The crankshaft on the bottom left is powered by Energy Recovery Turbine – of which there were three, each fed by the exhaust gasses ducted from six of the engine’s eighteen cylinders. The system was reputed to boost the total power produced by the engine by 20%.

Then came the P-51 Mustang fighter utilising the Meredith Effect, theorised already in mid 1930s. Piston engines produce a lot of waste heat which must be removed from the engine to prevent overheating. In liquid-cooled engines, like the Rolse-Royce Merlin powering the Mustang, this job is done by the cooling water. Pumped through the ducts formed in the engine block it collects heat and then gives it off in the radiator. The ambient air flowing through the finned coils of the radiator takes that heat away and the cooled water is pumped back into the engine. Frederick Meredith’s idea was to direct the heated, expanding air rearwards, to produce the extra thrust to propel the aircraft.
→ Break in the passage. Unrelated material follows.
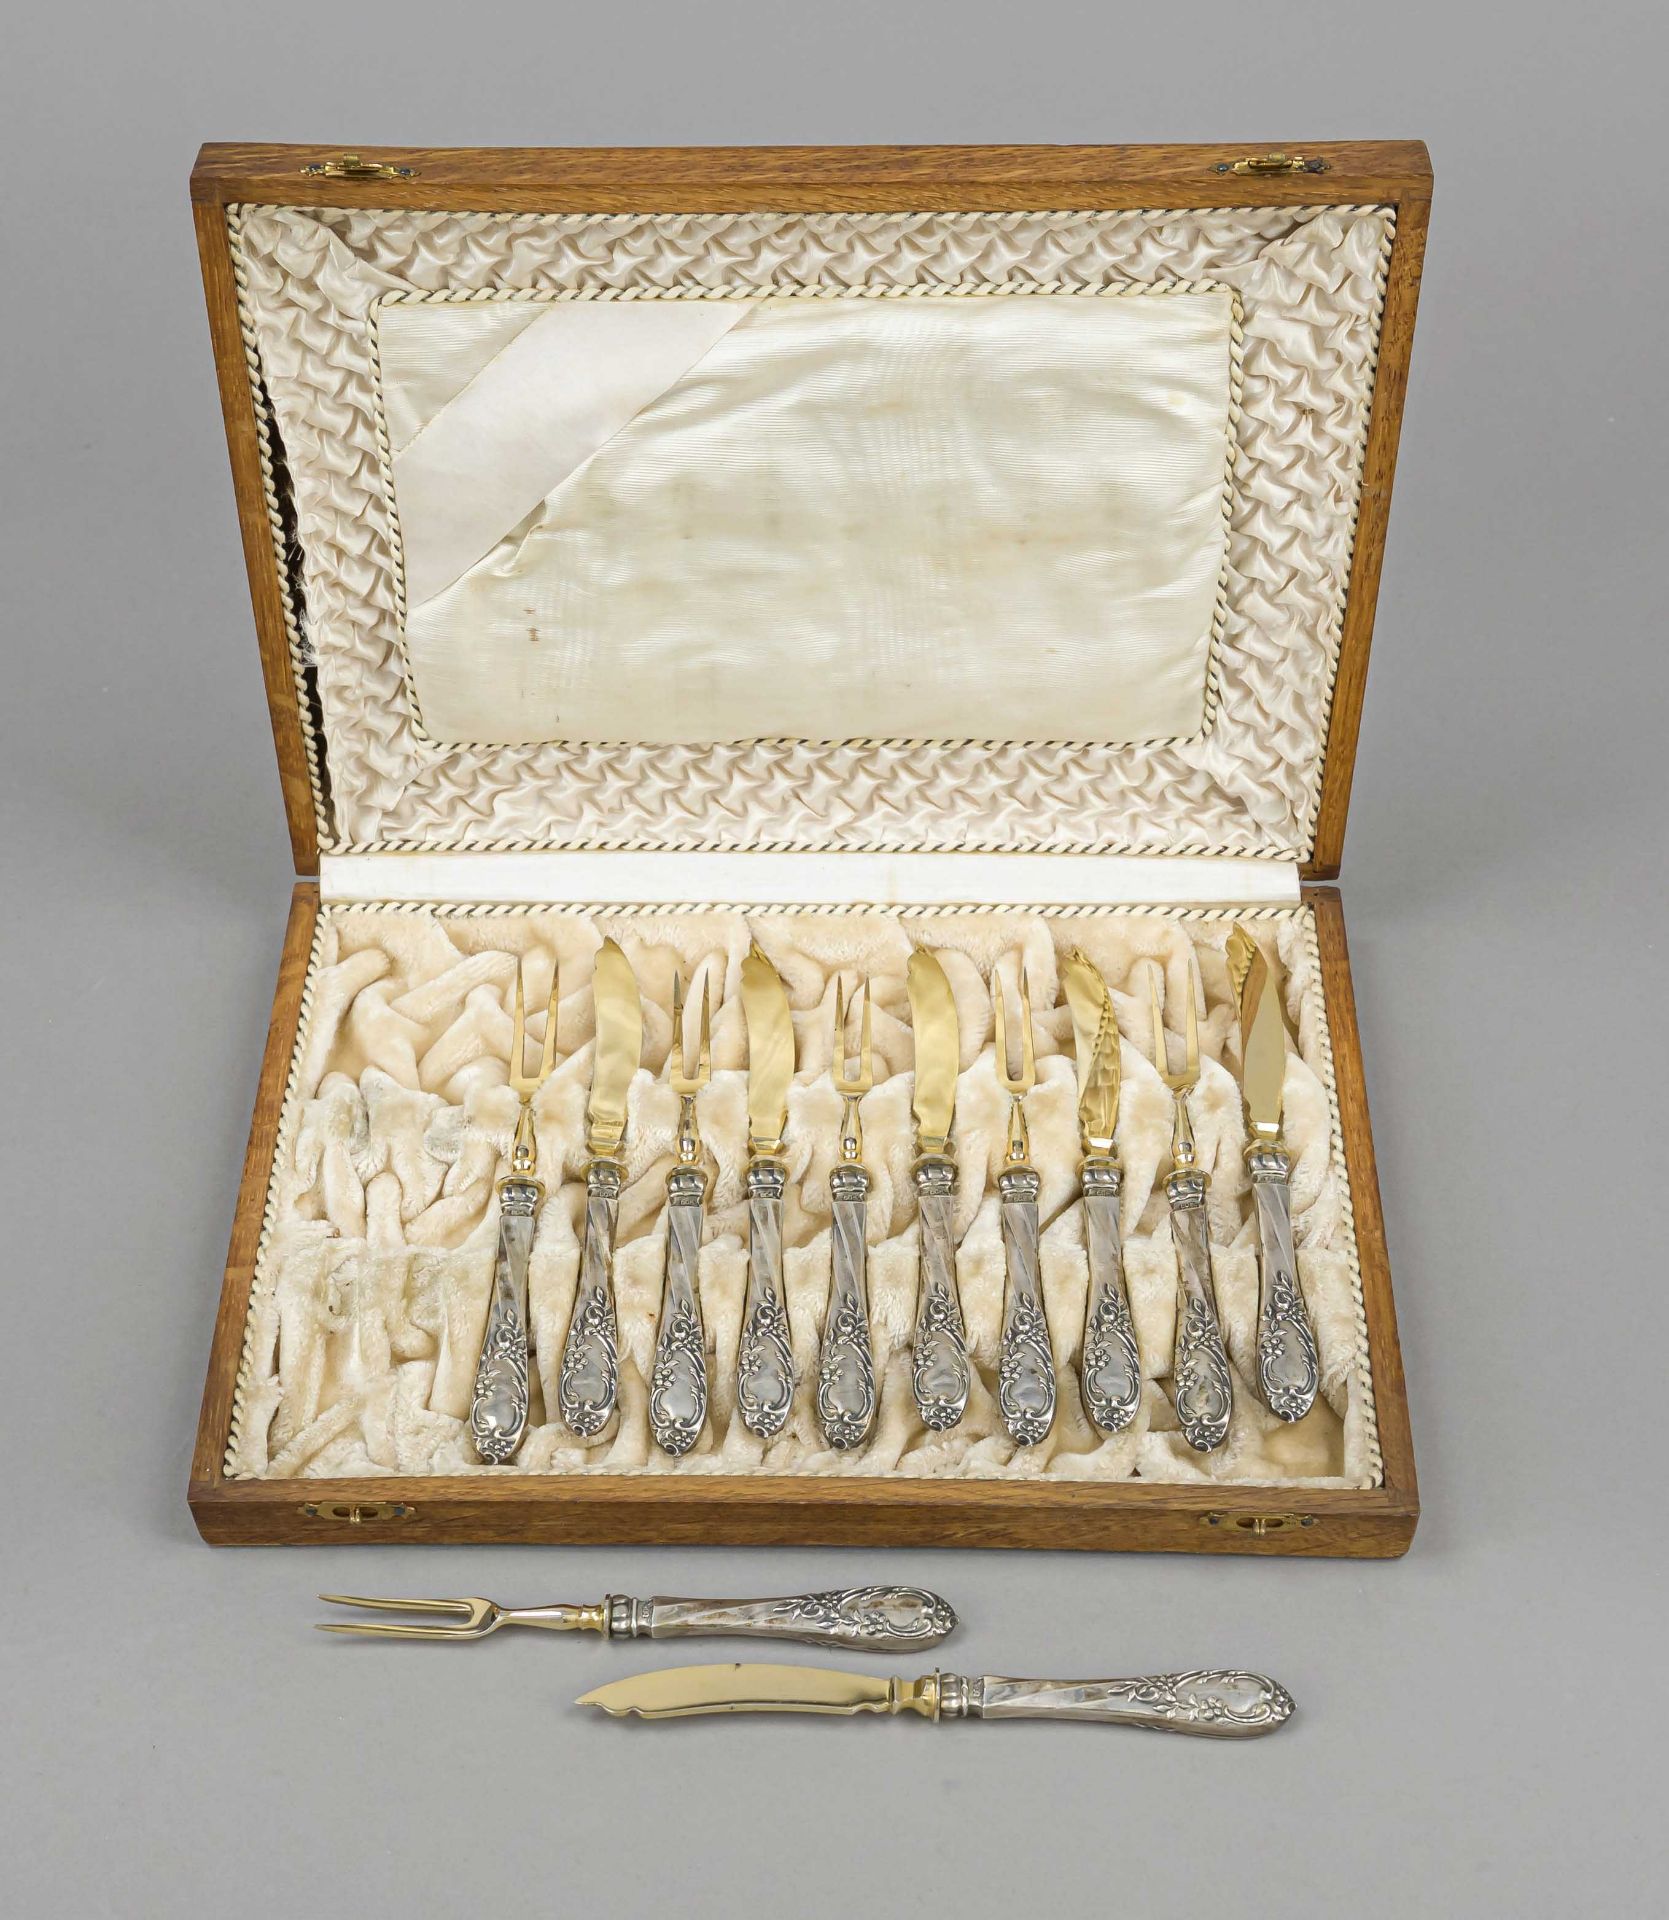 Fruit cutlery for six persons, 20th century, silver 800/000, filled handles with floral relief

Have another look at the pictures above. Does the Meredith Effect seem similar to another type of aircraft propulsion, already discussed in this post? What if we did away with the cylinders, pistons, superchargers, cooling systems and simply combusted the fuel inside a chamber and ejected the exhaust gasses to the rear to create thrust? Well – we have just (re)invented the jet engine, which is nothing else but a piston engine stripped of all the ancillaries like pistons etc!

For some reason I am finding the development of human thought – be it in the field of social sciences, religion or engineering – irresistibly fascinating.